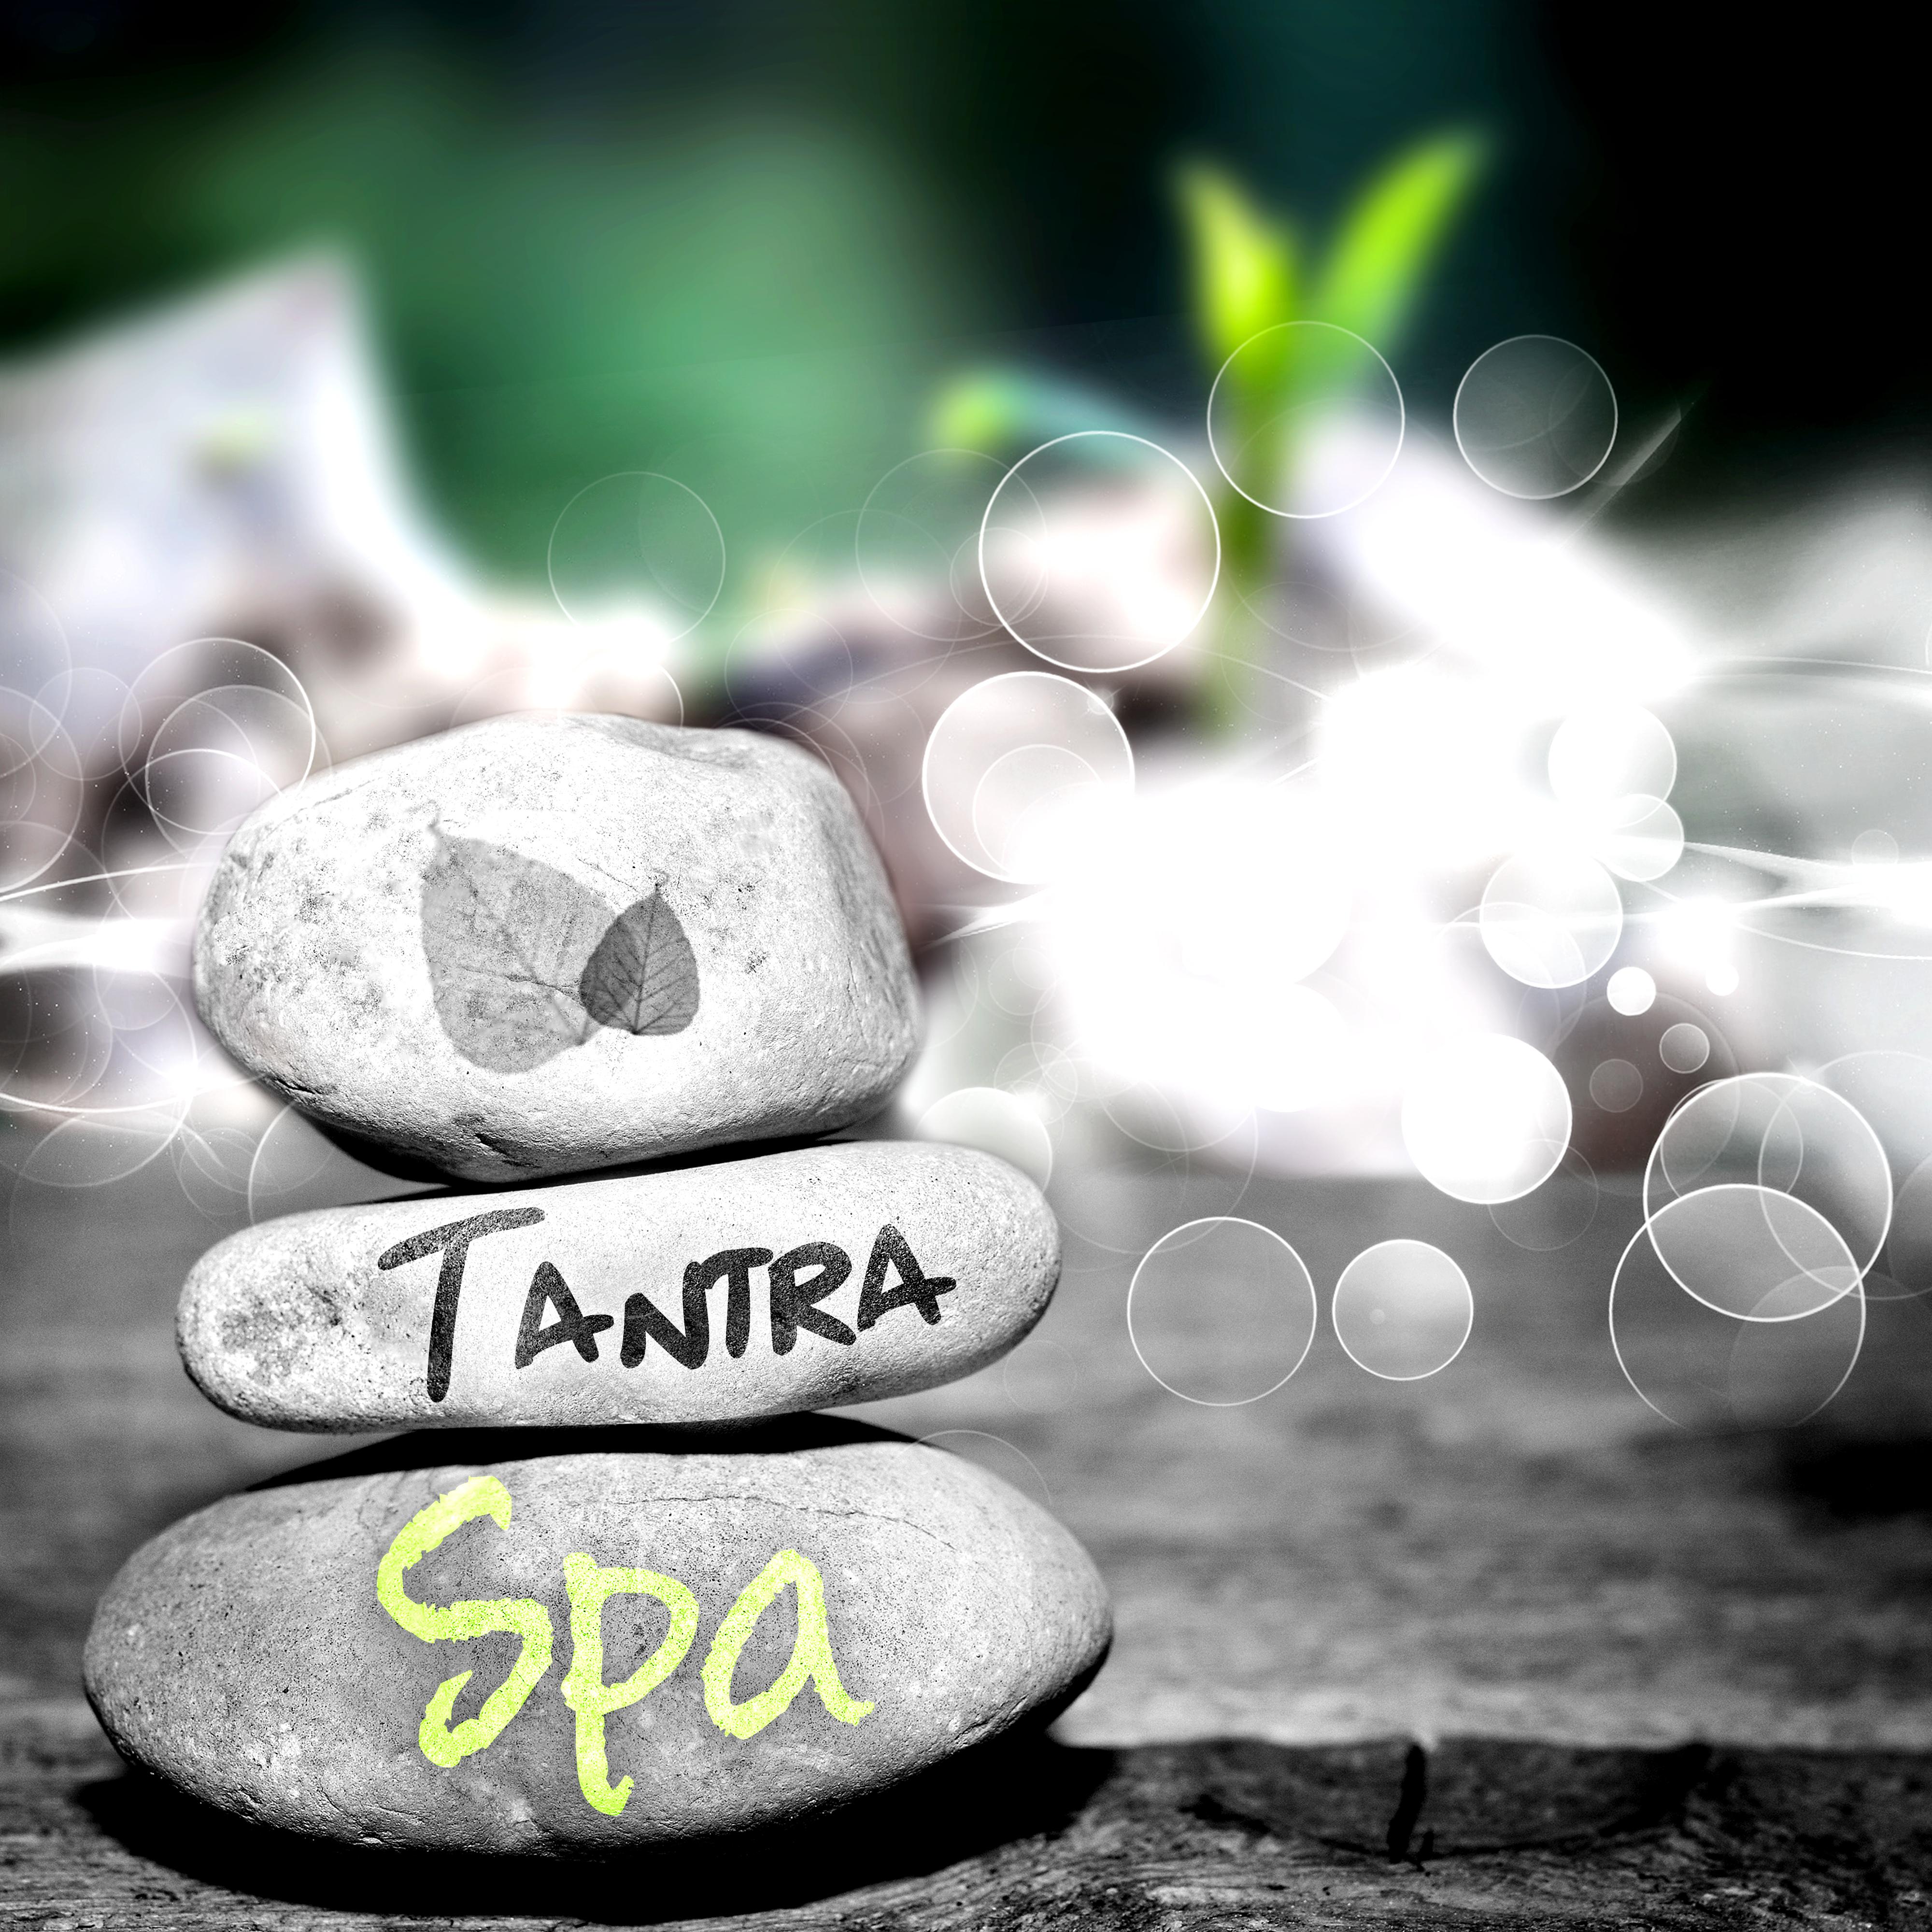 Tantra Spa  Erotic Lounge Massage, Sensual Chill Out Music for Making Love, Kamasutra  Tantric Spa Music
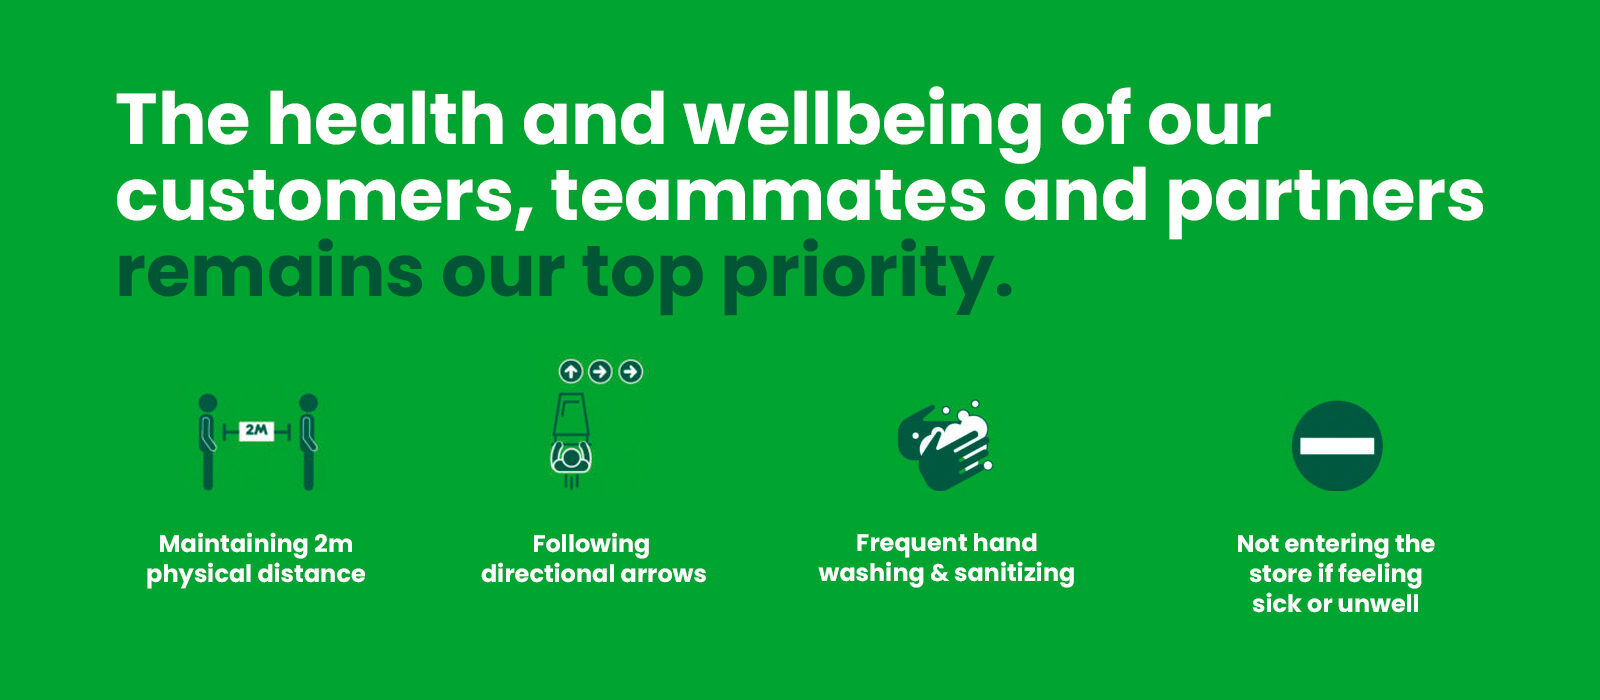 The health and wellbeing of our customers, teammates and partners
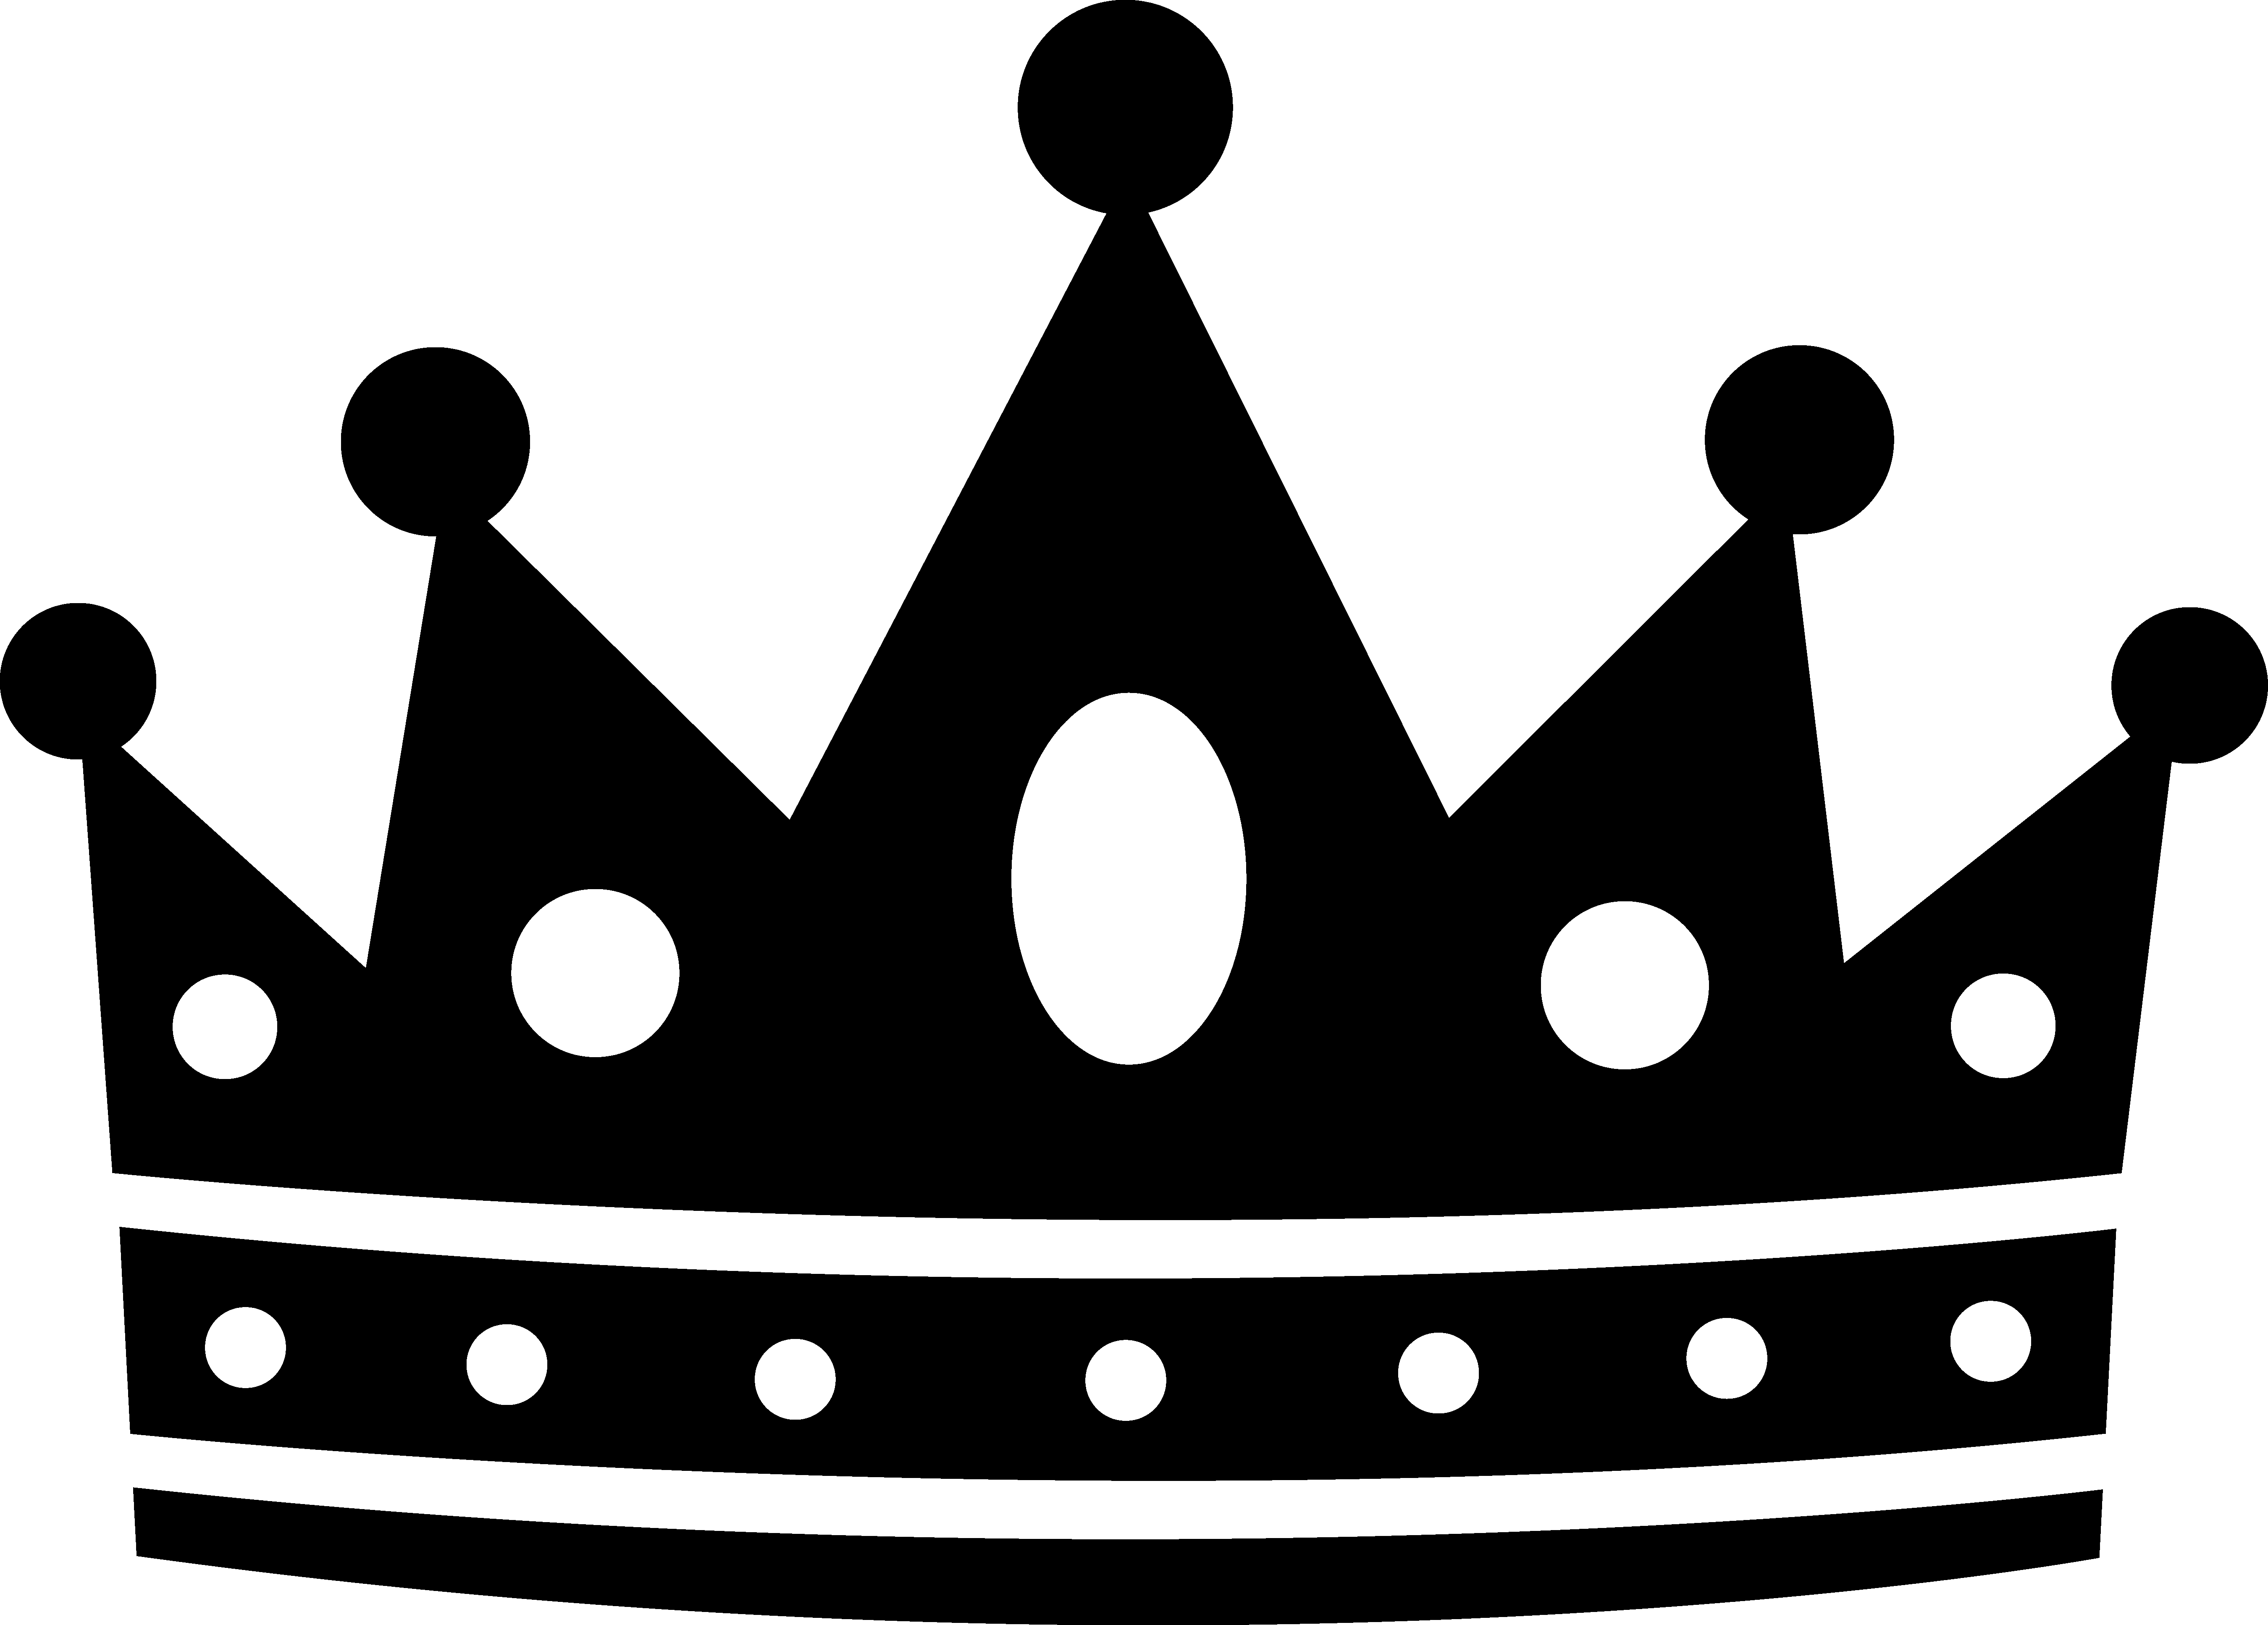 crown in clipart - photo #43

------

#### Task to complete
Transcribe the listing above in full and exactly; no pictures belong in the copy.

#### Exercise solution
 Tantra Spa  Erotic Lounge Massage, Sensual Chill Out Music for Making Love, Kamasutra  Tantric Spa Music
 The health and wellbeing of our customers, teammates and partners
 crown in clipart - photo #43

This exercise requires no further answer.